In generale può operarsi una distinzione tra caldaie: in ghisa e in acciaio. Le

caldaie in ghisa sono generalmente costituite da un certo numero di elementi anulari

componibili mediante opportuni giunti. Il vano interno rappresenta la camera di

combustione, mentre l'acqua (fluido

termovettore) circola nell'intercapedine

disposta intorno alla camera stessa.
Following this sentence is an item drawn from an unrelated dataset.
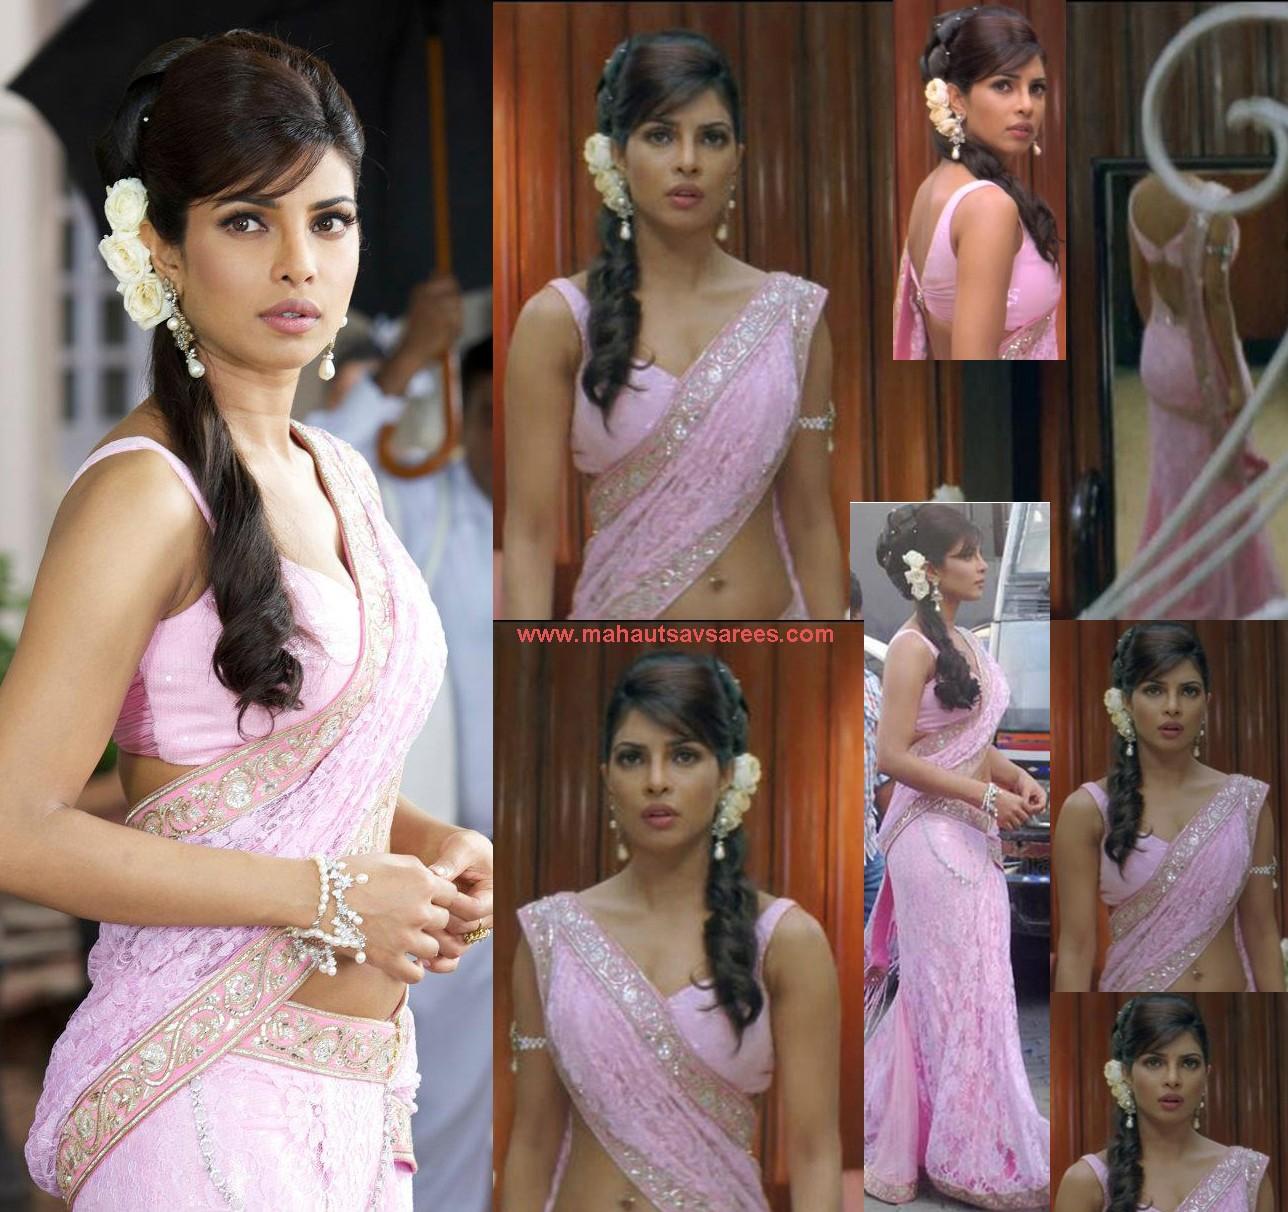 Priyanka Chopra in pink saree, Priyanka Chopra in Saree in Teri Meri Kahani Movie

Le

caldaie in ghisa, essendo componibili, si

prestano particolarmente per la

sostituzione o la messa in opera di

generatori di calori in locali poco

accessibili, potendo essere assemblate in

loco.

Le caldaie in acciaio (vedi

esempio in figura) sono fornite solitamente in un blocco unico. Esse sono in generale

costituite da un recipiente contenente l'acqua da riscaldare, all'interno del quale passano

canali attraversati dai fumi della combustione. In generale la caldaia in ghisa è più

fragile, ma più resistente alla corrosione.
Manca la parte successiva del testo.